This is an appeal from a judgment of the Superior Court in favor of defendants/appellees, and the denial of plaintiff/appellant’s motion for a new trial. This court has jurisdiction pursuant to Rule 47(e)(5), Rules of the Supreme Court.
Plaintiff was the sublessee of certain premises owned by defendant Dwain Es-per. On or about November 20, 1972, plaintiff was evicted and thereafter commenced the present action for wrongful termination of the lease, requesting among other things a preliminary injunction and damages, including punitive damages. After a hearing on the application for a preliminary injunction, the court consolidated the hearing with the trial on the merits pursuant to Rule 65(a)(2), Rules of Civil Procedure. Thereafter, plaintiff filed a request for a jury trial. The court subsequently entered a judgment for defendant.
Plaintiff argues that it was denied its constitutional right to a trial by jury. We agree.
The lower court consolidated the hearing for a preliminary injunction with a trial on *321the merits in a written memorandum opinion and order dated December 7, 1972. It appears from the record that at no time prior to or during the hearing were the parties made aware that final relief was to be granted.
The Arizona Constitution guarantees the right to a trial by jury. Ariz.Const. art. 2, § 23. This guarantee is echoed by Rule 65(a)(2), Rules of Civil Procedure, which requires the consolidation to be accomplished in such a manner “as to save to the parties any right they may have to trial by jury.”

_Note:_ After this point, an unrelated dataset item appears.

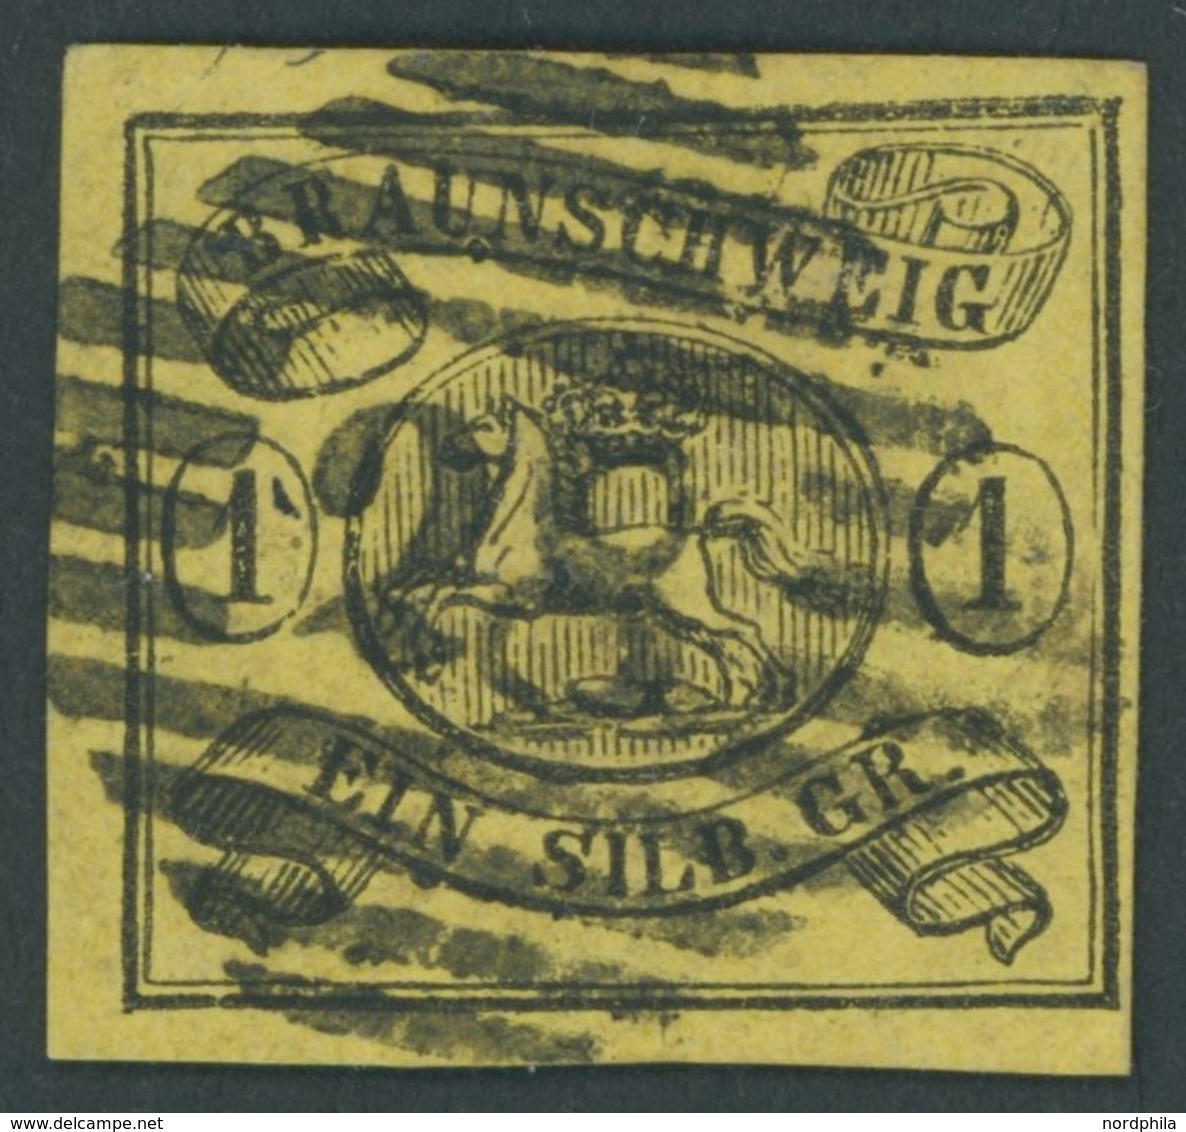 BRAUNSCHWEIG 11A O, 1861, 1 Sgr. Schwarz Auf Lebhaftgraugelb, Zentrischer Nummernstempel 28 (KÖNIGSLUTTER), Pracht - Brunswick

The consolidation of a hearing for a preliminary injunction with a trial on the merits pursuant to Rule 65(a)(2), Rules of Civil Procedure, without notifying the parties of the consolidation before or during the hearing, denies them the opportunity to make a proper demand for a trial by jury. The question of notice has been answered in the federal courts where an identical federal rule, Rule 65(a)(2), Federal Rules of Civil Procedure, was construed to impose upon the trial court “a requirement that the court inform the parties ‘before or after the commencement of the hearing’ that such action [consolidation] is contemplated.” TMT Trailer Ferry v. Union de Tronquistas de Puerto Rico Local 901, 453 F.2d 1171 (1st Cir. 1971); see also Puerto Rican Farm Workers v. Eatmon, 427 F.2d 210 (5th Cir. 1970); Nationwide Amusements, Inc. v. Nattin, 452 F.2d 651 (4th Cir. 1971); Capital City Gas Co. v. Phillips Petroleum Co., 373 F.2d 128 (2d Cir. 1967); Brooks v. Nacrelli, 415 F.2d 272 (3d Cir. 1969). We construe Rule 65(a)(2), Rules of Civil Procedure, to require the same notice. Notice of consolidation before or during the hearing is necessary in order to allow the parties to offer further testimony and to allow an opportunity to make a proper demand for a jury trial.
We have considered the entire record, and in light of our review, we instruct the Superior Court to schedule a jury trial upon the merits of all issues at the earliest possible date.*
Judgment of the Superior Court is vacated in its entirety. Remanded for proceedings not inconsistent with the above opinion.
HOLOHAN, J., and GARY K. NELSON, Court of Appeals, Judge, concurs.Note: GARY K. NELSON, Judge, Court of Appeals, Division One, was called to sit in this matter.
“Since an application for a preliminary injunction may be made in an action in which, with respect to all or part of the merits, there is a right to trial by jury, it is appropriate to add the caution appearing in the last sentence of the subdivision. In such a case the jury will have to hear all the evidence bearing on its verdict, even if some part of the evidence has already been heard by the judge alone on the application for the preliminary injunction.” Notes of Advisory Committee on Rules, 1966 amendment, Title 28 U.S.C.A., Rule 65, F.R.Civ.P., subdivision (a)(2).